Now the table contains 8 entries, with the 010 entry representing a
match of {f1, f3}, the 101 entry representing a match of {f2}, and
all other entries corresponding to no matches to any of the
filters. Since the 101 entry only contains f2, and since f2 has a
mask length of 2 bytes, processing is done and a leaf of the graph
has been reached. In the case of the 010 entry, the {f1, f3} filter
set is further subdivided since one of the member filters (f1)
contains more bytes to match. In this case, the cmpdemux
instruction labeled by 3 is executed.
[0048] In the cmpdemux labeled 3, we look at values of the members
of the current filter set, {f1, f3}, in byte 3. Since f1 contains
3=(0000011).sub.2 in this byte and f3 contains a wildcard (0/0),
then it is sufficient to set up the cmpdemux to look at the first
cmp_len=7 bits of the incoming packet's value in the corresponding
byte and see if it contains cmp_val=1. Hence the demux_len is 1.
Entry 0 in the table corresponds to matching filter f3.
[0049] Since f3 has no remaining byte to compare, processing is
done. Entry 1 in the table corresponds to matching filters {f1,
f3}. In this case, since there are more bytes to process in f1, the
next cmpdemux instruction is executed, labeled as 4. Notice that f3
is a wildcarded filter for byte 3 and was replicated in all table
entries for this cmpdemux. In the case that the incoming packet
does not match cmp_val=1 for cmp_len=7 bits, the process jumps to
the NoMatchCase which corresponds to matching filter f3.
[0050] Finally, in the cmpdemux labeled 4, cmp_len is set to 7,
cmp_val to 2, and demux_len to 1, similar to step 3. In this case,
all table entries represent leaves in the graph and specify final
filter match sets.
[0051] It should be understood that tree packet filtering methods
can be readily implemented in a hardware system, such as a router,
to provide a data packet classification apparatus for use in
applications such as Differentiated Services. With reference now to
FIG. 7, therein is shown a general block diagram for a router
capable of use in a data network that allows the implementation of
differentiated services by filtering incoming data packets.
Specifically, the router 200 includes an interface 210 to data
links 230 coupling the router 200 to other parts of the data
network 250. Interface 210 provides a point of ingress to incoming
data packets.
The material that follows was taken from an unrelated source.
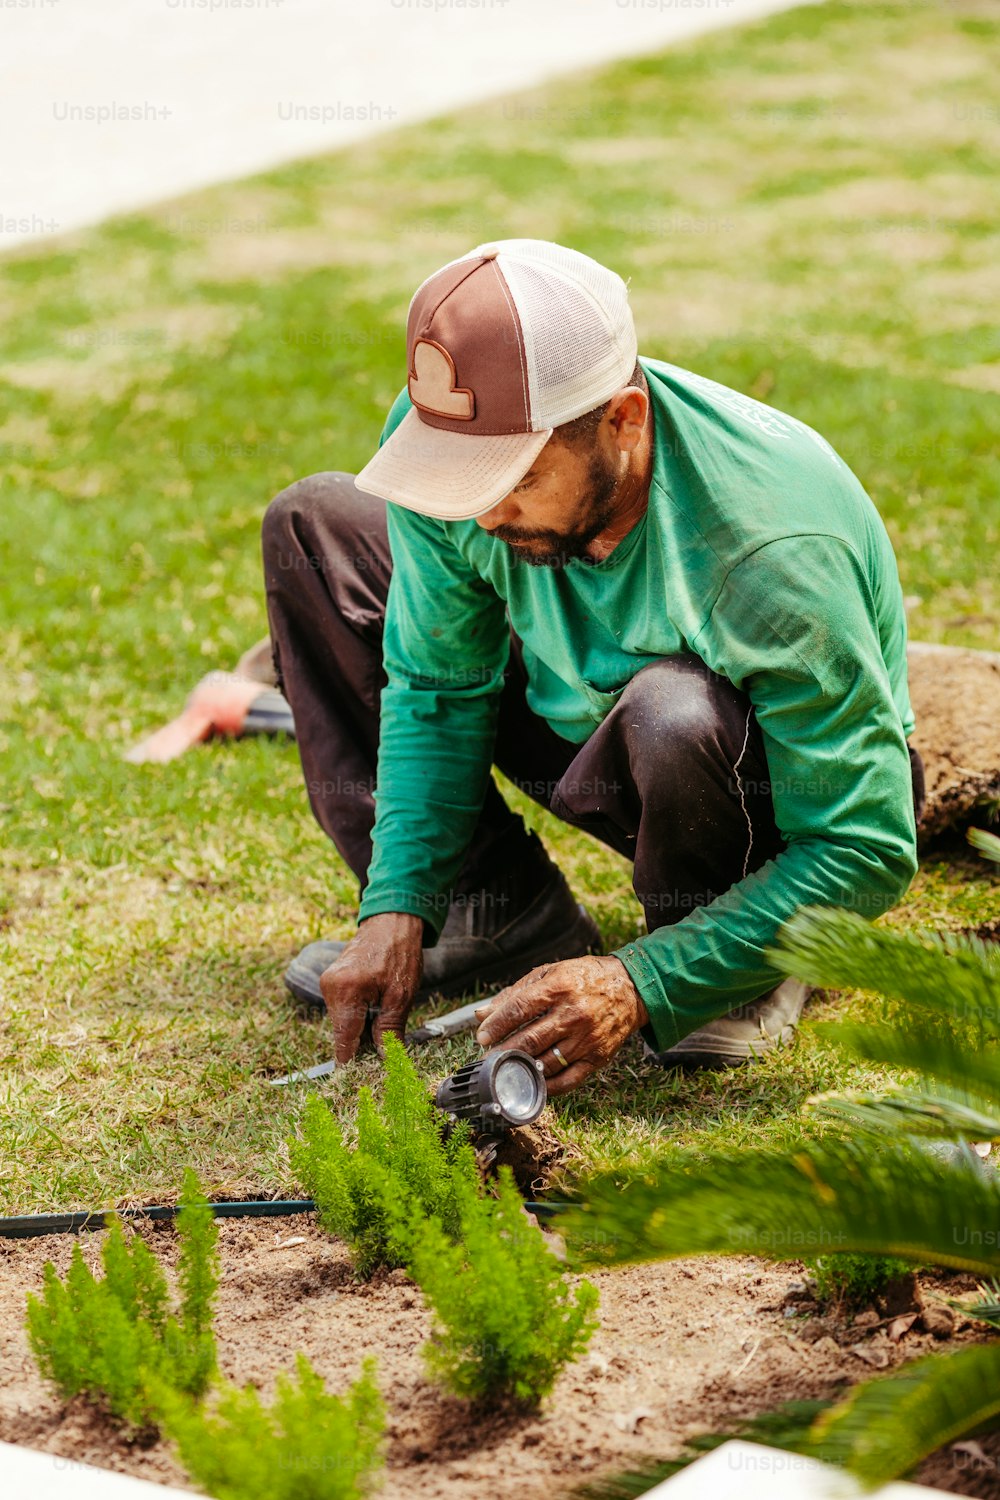 a man in a green shirt and hat working in a garden

Router 200 is shown to include a processing means in
the form of a packet processing unit (PPU) 212 which can be an
application specific integrated circuit (ASIC) or general purpose
computer processing unit (CPU) adapted to perform the IP packet
filtering functions as described herein.
[0052] Typically, a set of software instructions in the form of
logic 214 is provided to operate in conjunction with ASIC 212 to
carry out such functions. Logic means 214 can utilize filters 216
in order to construct a decision tree having a tree-like
architecture such as tree-like architectures 50, 100. Of course the
specific structure and form of the tree-like architecture would
depend on the type of expression matching which is required based
on, for example, the level and/or type of service differentiation
needed. Therefore, logic means 214, PPU 212, and filters 216 can be
used to compare segments (or bytes) of incoming data packets to
other values stored in a tree-like hierarchy such that the segments
are compared along stages of the tree-like hierarchy and not along
every possible edge of a tree-like hierarchy to allow efficient and
speedy filtering of incoming data packets. After matching and
differentiation, PPU 212 can transmit data packets through egress
port 220 which may involve transmission of a data packet to a
specified location based on its classification.
[0053] The objective of the classification is to determine which of
the filters match the current input classification key. As stated
above, a classification key is composed of packet fields located at
pre-specified offsets within the packet. One skilled in the art can
use the methods of the present invention to create a classification
key system that tests each byte of the key, in the order determined
by the decision tree. The code to perform such a comparison
consists of cascaded cmpdemux instructions, each of which narrows
down the matching filter list. As discussed above, the cmpdemux
instruction looks at the first cmp_len bits of a byte and checks to
see if they equal the cmp val quantity. If they match, then take
the next demux_len bits and use them as an offset into the demux
table, pointed to by the cmpdemux instruction, to obtain the next
instruction to execute. If the cmp_len/cmp_val comparison fails,
then we jump to the location specified in the Cmp_jail_ptr. The
number of cmpdemux instructions that any particular code path will
encounter is bounded by the number of bytes in the input key since
each cmpdemux divides the filter set according to a particular byte
and no further comparison using that byte is necessary.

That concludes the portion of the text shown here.